RHO-associated adRP affects about 20,000 people in the US and EU. Approximately 150 mutations in RHO can each cause adRP.

EDIT-103 is designed to “knock-out” copies of the patient’s RHO gene and replace them with healthy copies. The treatment is delivered by a subretinal injection of dual vectors – i.e., dual, adeno-associated viruses (AAVs), which are safe, human-engineered viruses for delivering genetic cargo to retinal cells. One vector contains the CRISPR/Cas9 gene editing technology to turn-off copies of the patient’s RHO gene. The other vector delivers new, healthy copies of RHO.

In a large-animal study, the CRISPR/Cas9 component knocked out 100 percent of the protein expressed by RHO. The healthy, replacement RHO expressed 30 percent of normal protein levels, which Editas believes will be sufficient to treat adRP patients with RHO mutations effectively.

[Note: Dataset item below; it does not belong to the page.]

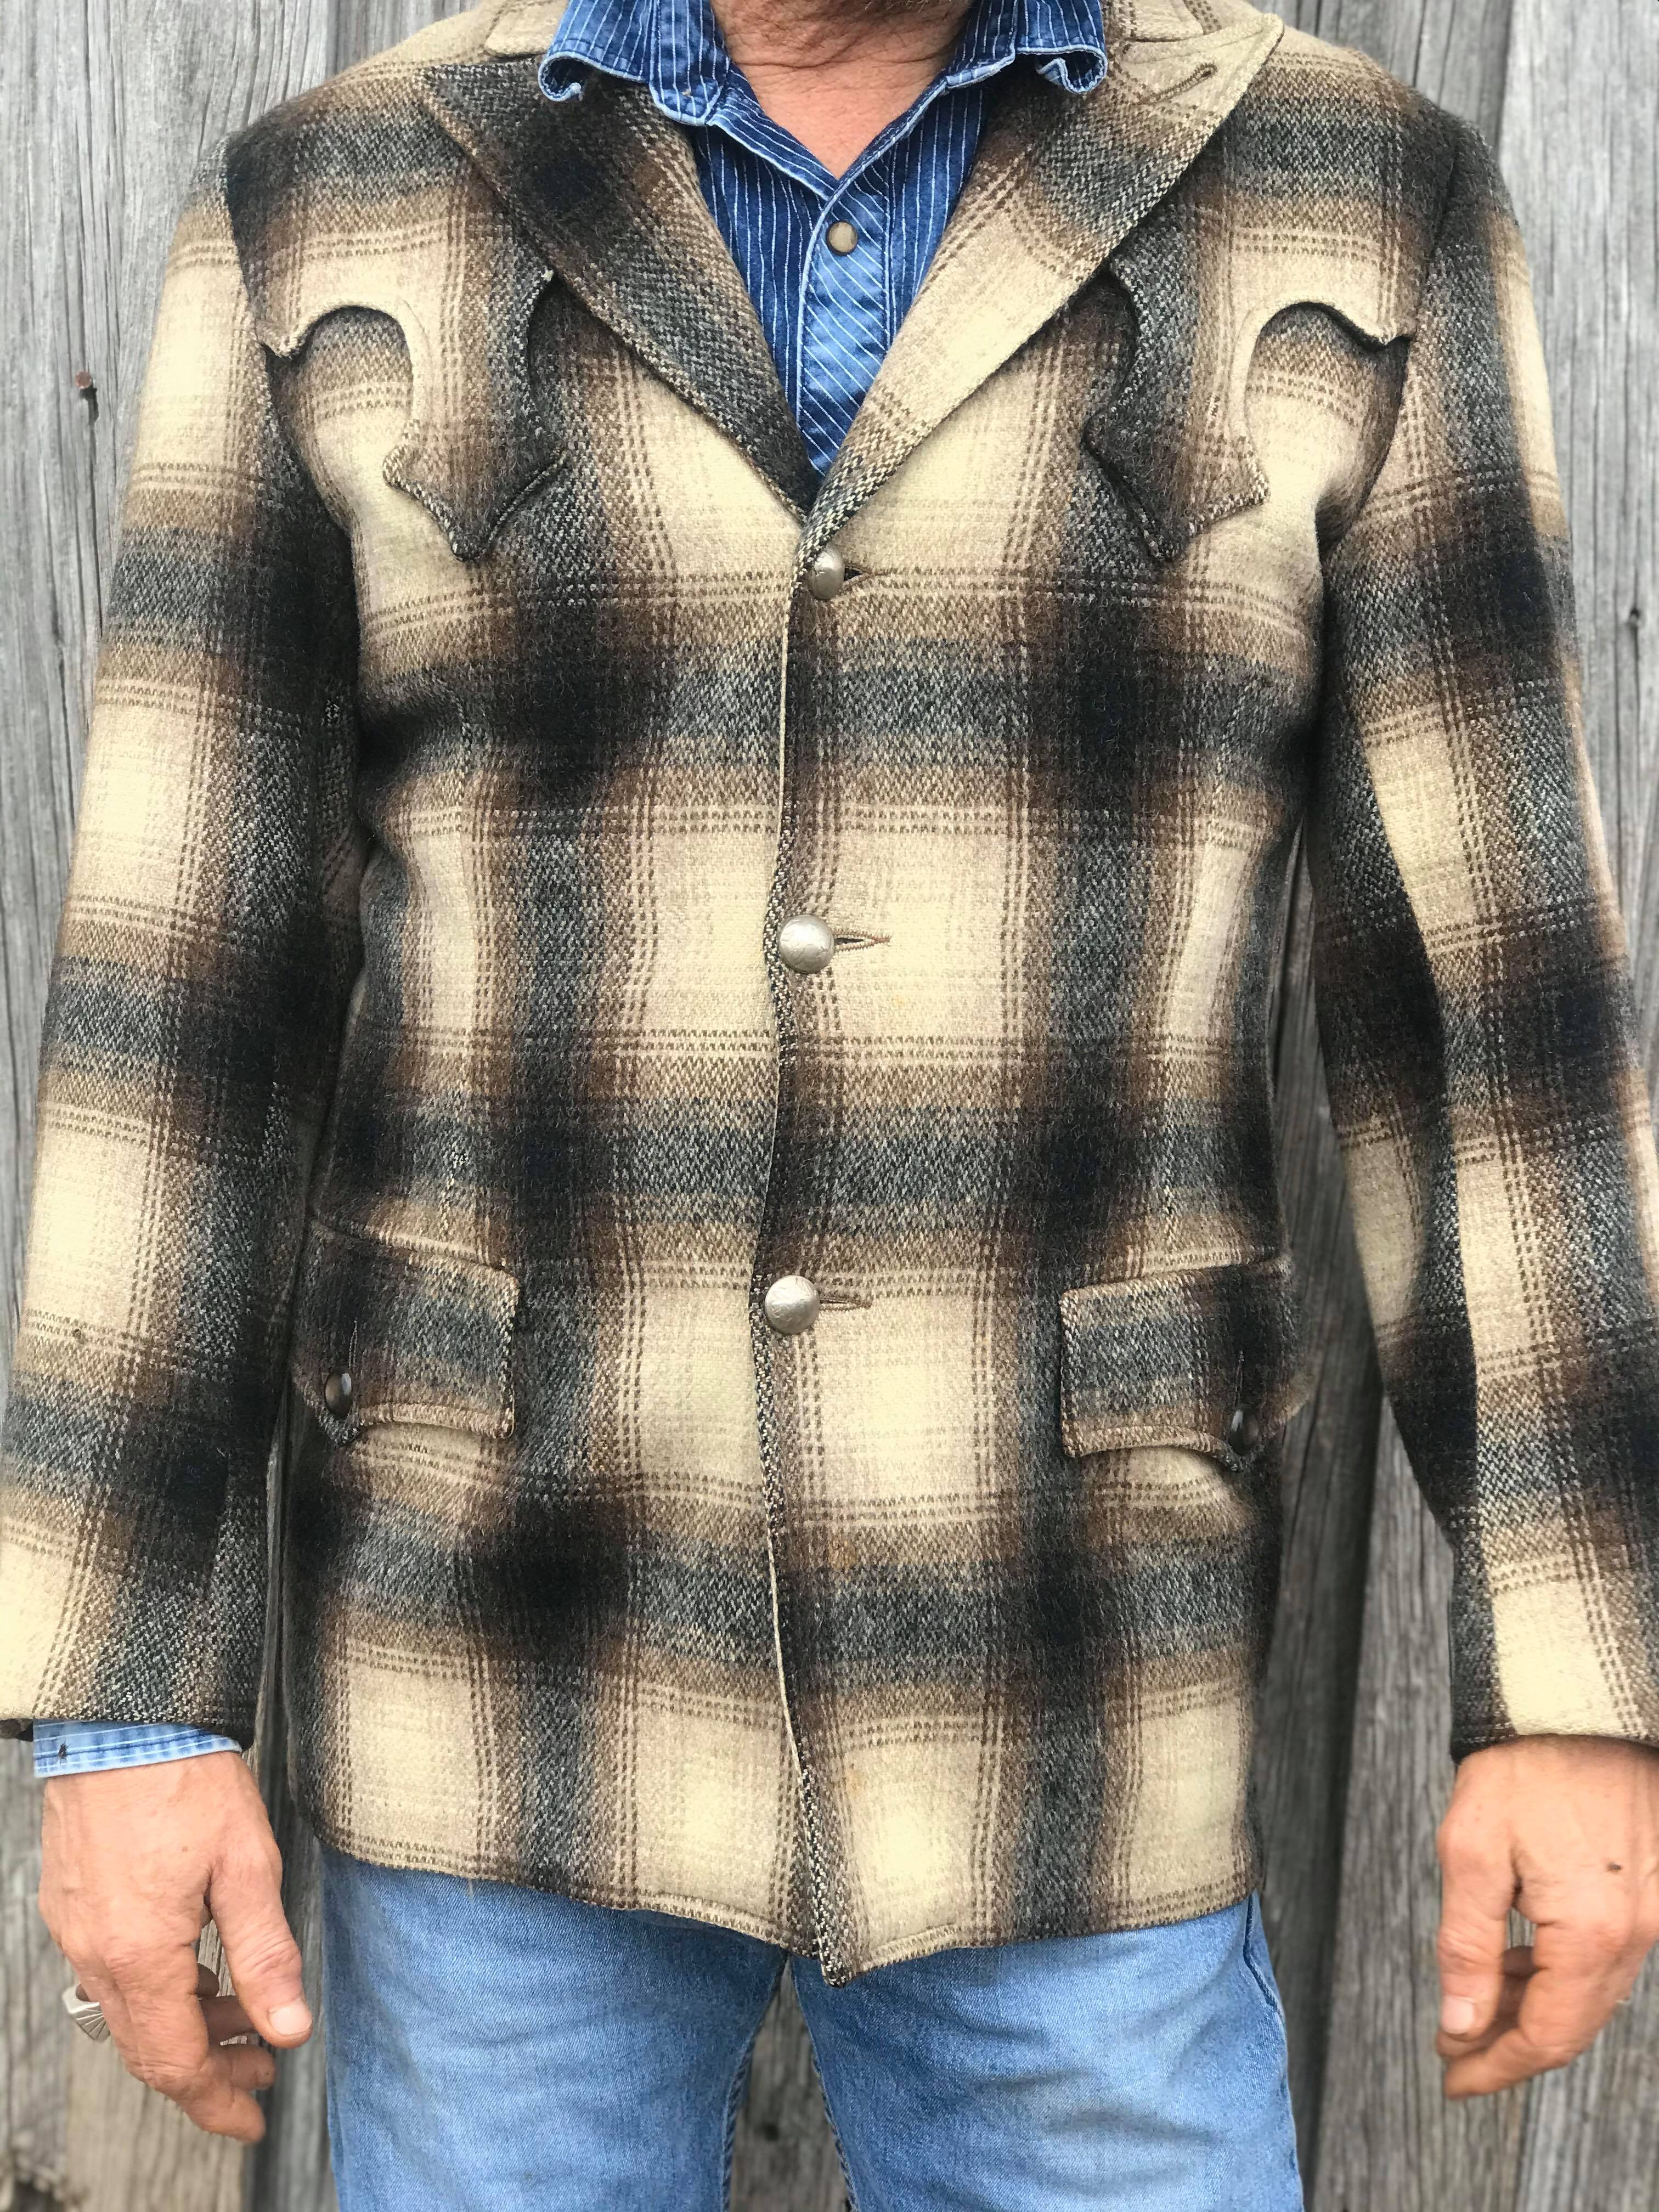 Vintage Pioneer Wear Jacket – Chad Isham

To genetically treat autosomal recessive diseases, simply replacing or augmenting copies of the patient’s mutated gene is usually sufficient, because the mutated copies are expressing little protein. However, in autosomal dominant diseases, a two-step process is often necessary, because the mutated gene copies are expressing a toxic protein. In addition to delivering healthy gene copies, the patient’s mutated copies must be turned off to prevent toxic protein expression.

Editas’ clinical trial for EDIT-101 – a therapy for a mutation in CEP290 causing Leber congenital amaurosis – became the first CRISPR/Cas9 treatment to be applied directly to the human body. In September 2021, Editas reported that two of three patients in the trial had improvements in vision.